Impact on guards, inmates and prison resources. There is no dispute that continued, or renewed, violence posed a significant risk to the safety of inmates and staff. Walker made no showing otherwise. Nor did he show that eliminating, or changing, the critical workers’ policy would have no harmful impact.
Reasonable alternatives. Walker suggests that the prison could have used a screening process to identify those African-American inmates who were gang members or associates instead of excluding all African-American inmates from critical job assignments. Perhaps so. However, it is not self-evident that any such screening process would have worked, or would have worked effectively enough, quickly enough, to have done Walker any good.

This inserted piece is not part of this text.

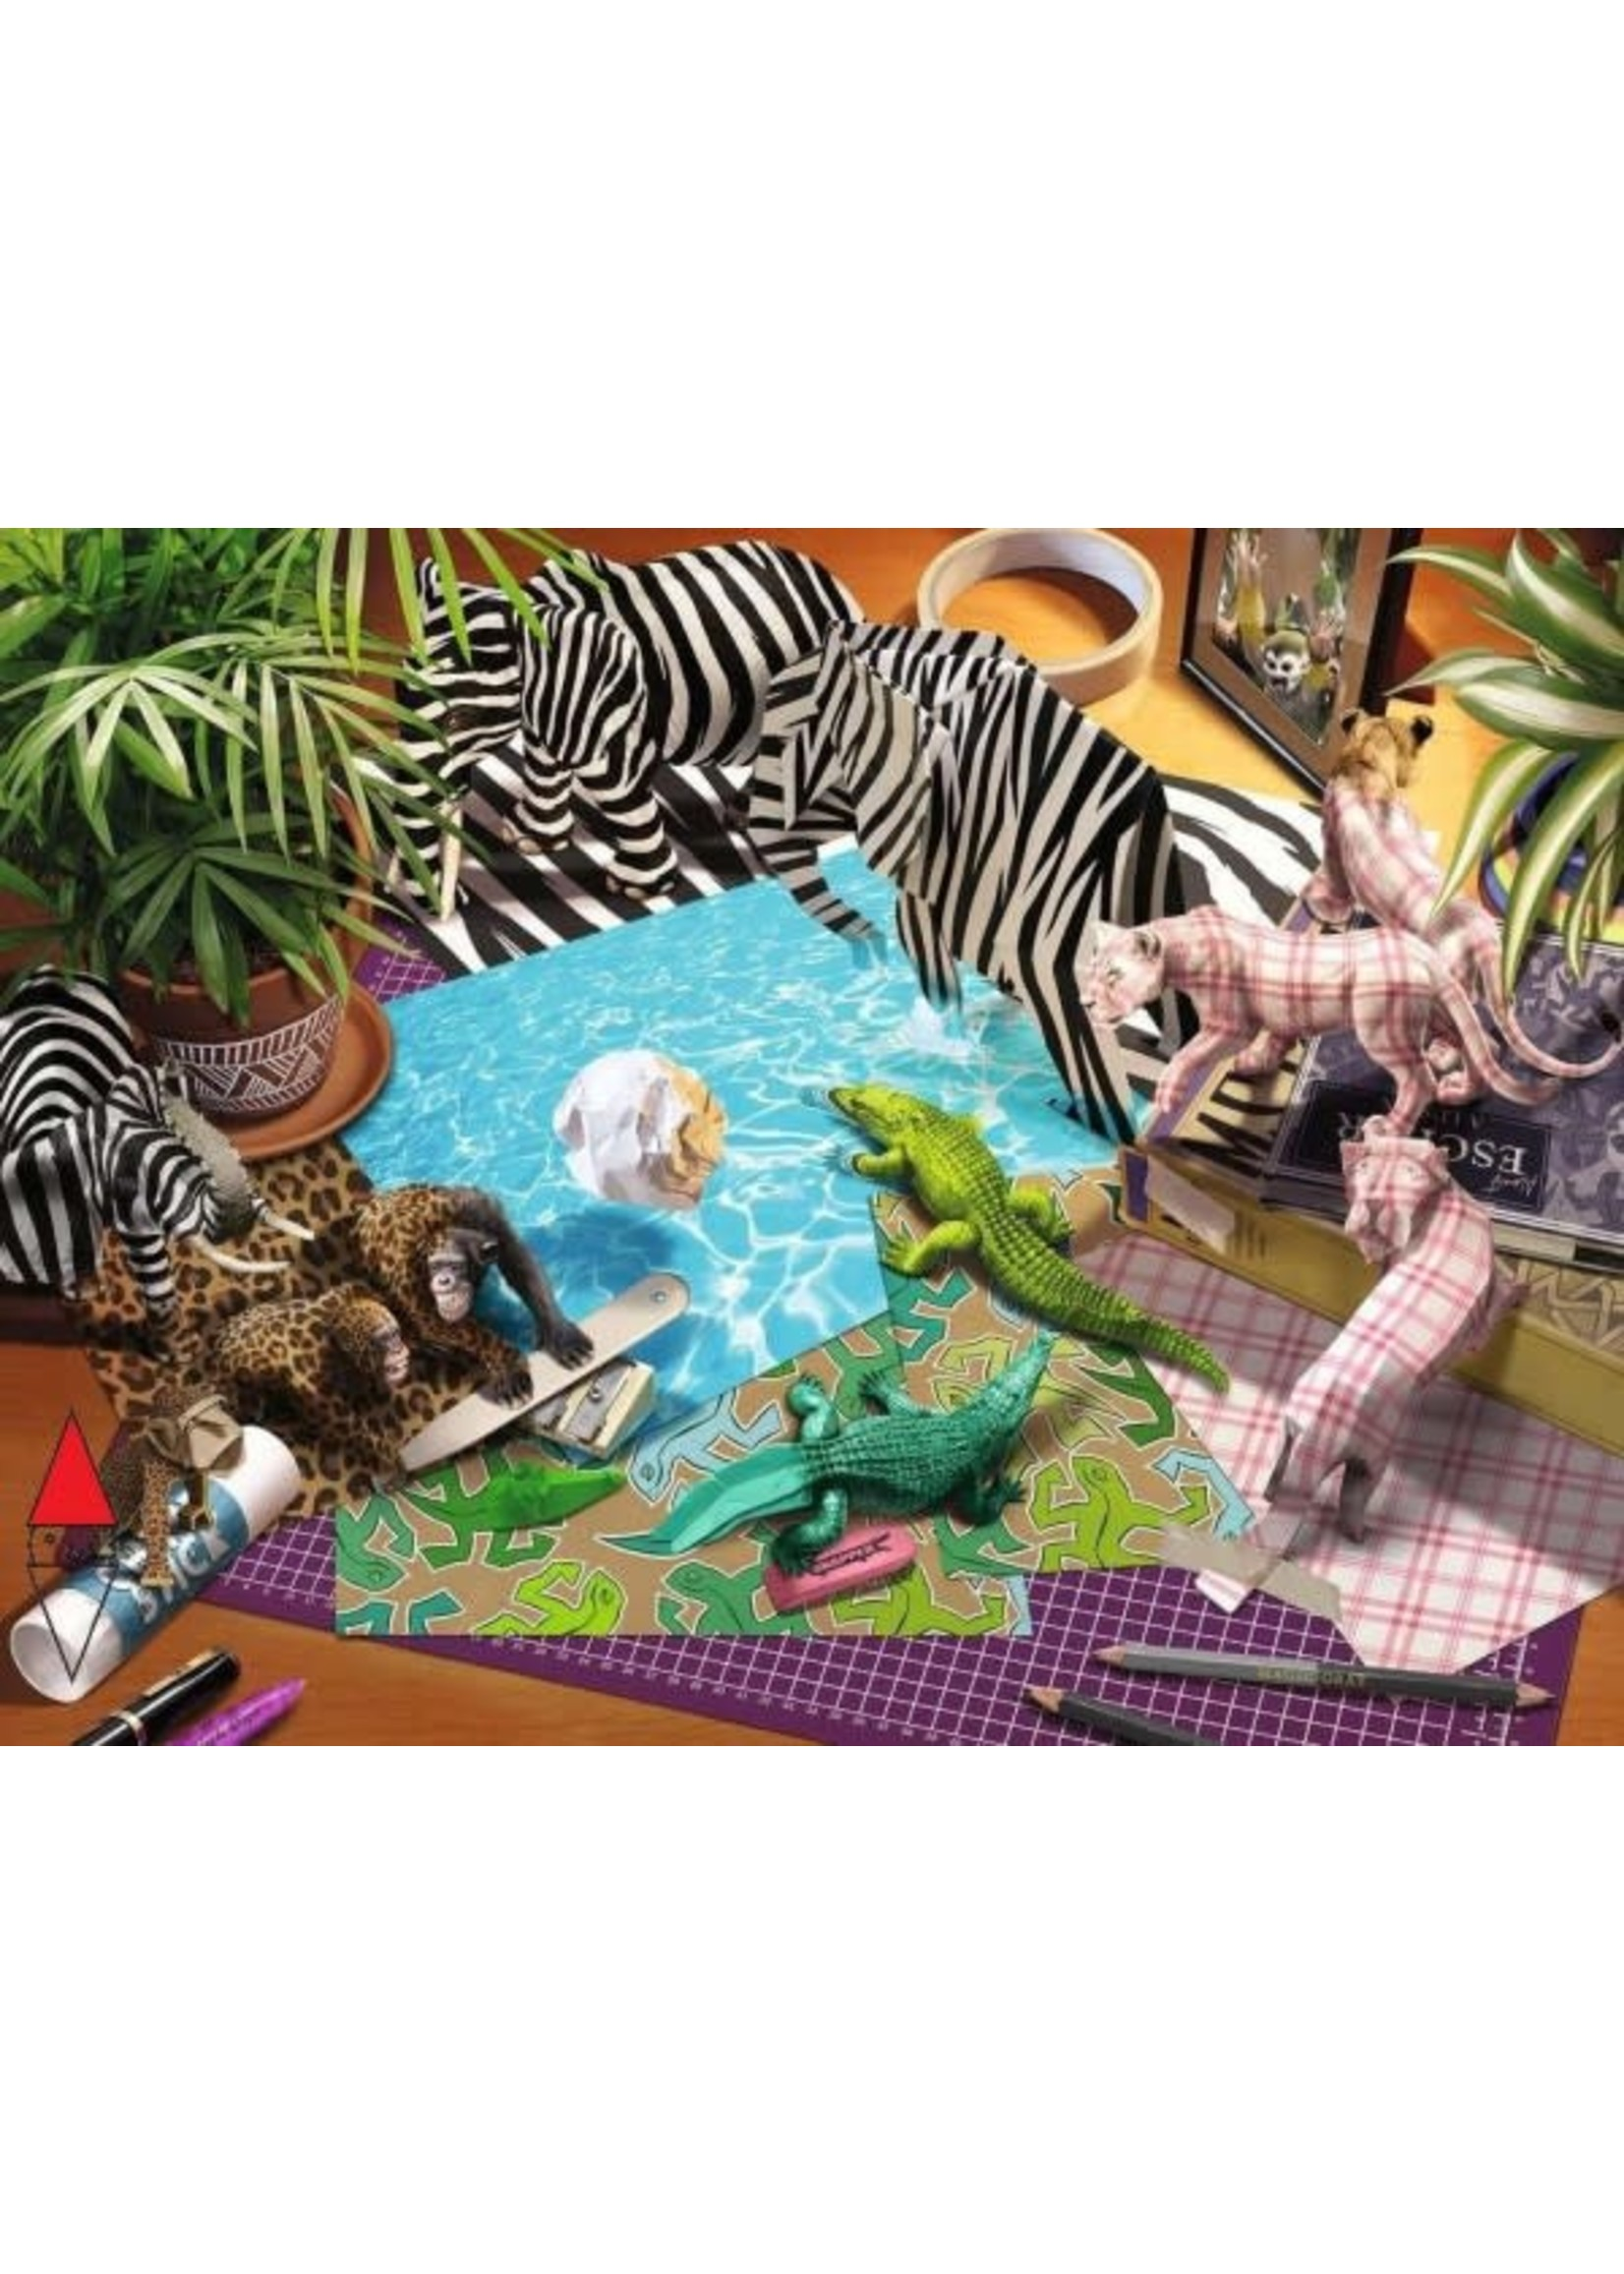 Ravensburger 1500pc puzzle Origami Adventure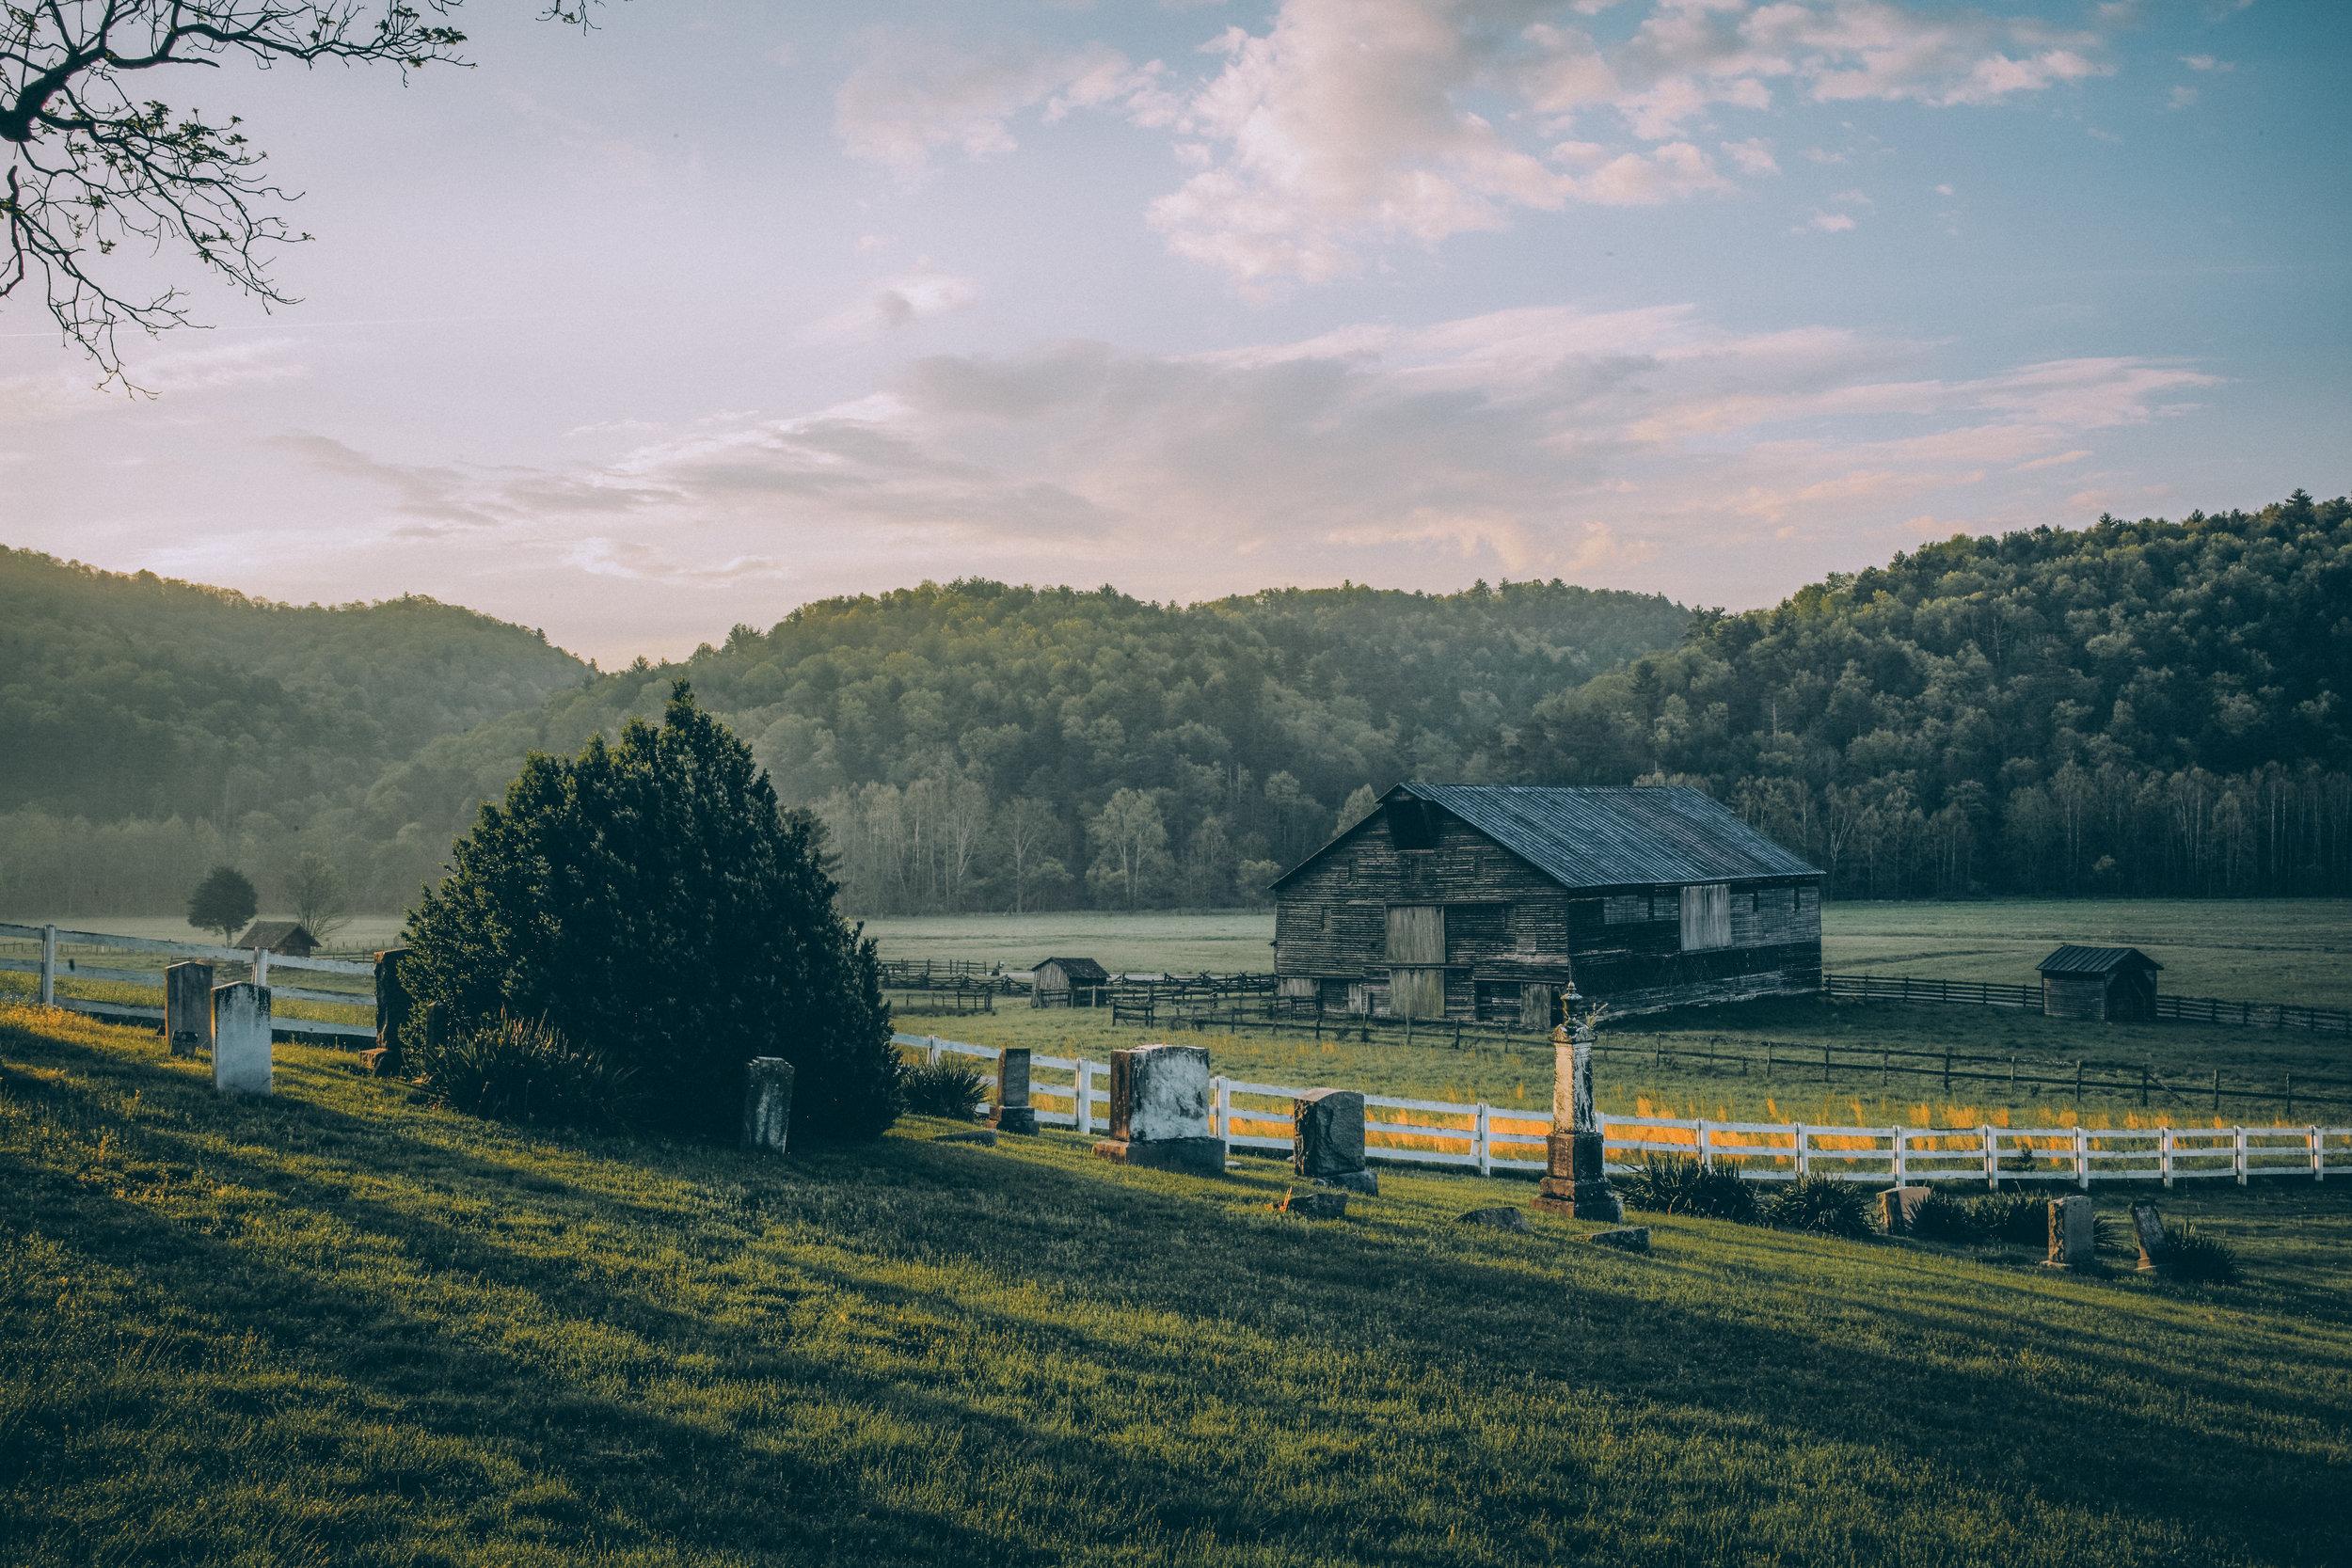 kw-abandoned-rural-virginia-img10.jpg

In sum, the administrators’ response was not unreasonable. It was a temporary fix that I believe was within the discretion of prison officials to impose given the nature of the incidents that precipitated the emergency situations, and the need to maintain critical operations at the facility. The critical work list was terminated once the facility had been searched, an investigation had been conducted, and order appeared to have been restored. Beyond this, we are not “to second guess the details of prison management.” Bradley v. Hall, 64 F.3d 1276, 1280 (9th Cir.1995). Accordingly, I conclude that the critical workers’ lists, although race-based, were reasonably related to the government’s legitimate interest in prison safety. I would therefore affirm on Walker’s equal protection claim.
. Turner instructs courts to consider (1) whether there is a "valid, rational connection
. Walker was only off work for thirteen days after the May 5 incident, which investigation revealed had been instigated by East Coast Crips, and for three days after the June 18 incident. By June 23, thirty-six East Coast Crips members had been identified and transferred.
Concurrence Opinion
concurring..
I concur in Judge Kozinski’s opinion, with one exception. I do not join in part 2 of the Discussion.
Although I find that part of the Discussion very informative, in my opinion we should not decide qualified immunity issues in the first instance, but should leave them for the district court. See Harlow v. Fitzgerald, 457 U.S. 800, 819-20, 102 S.Ct. 2727, 2739, 73 L.Ed.2d 396 (1982); Price v. Hawaii, 939 F.2d 702, 707 (9th Cir.1991). I realize that we have, on occasion, succumbed to the temptation to swoop down from our coign of vantage and pluck qualified immunity issues from the district court battlefield, but in the long run I think we are better advised to resist that temptation. I, for one, do not think we should attempt to predict the nature or result of further proceedings in the district court, once it actually begins to vet the qualified immunity issues raised here.
Thus, I respectfully concur, but with the exception just noted.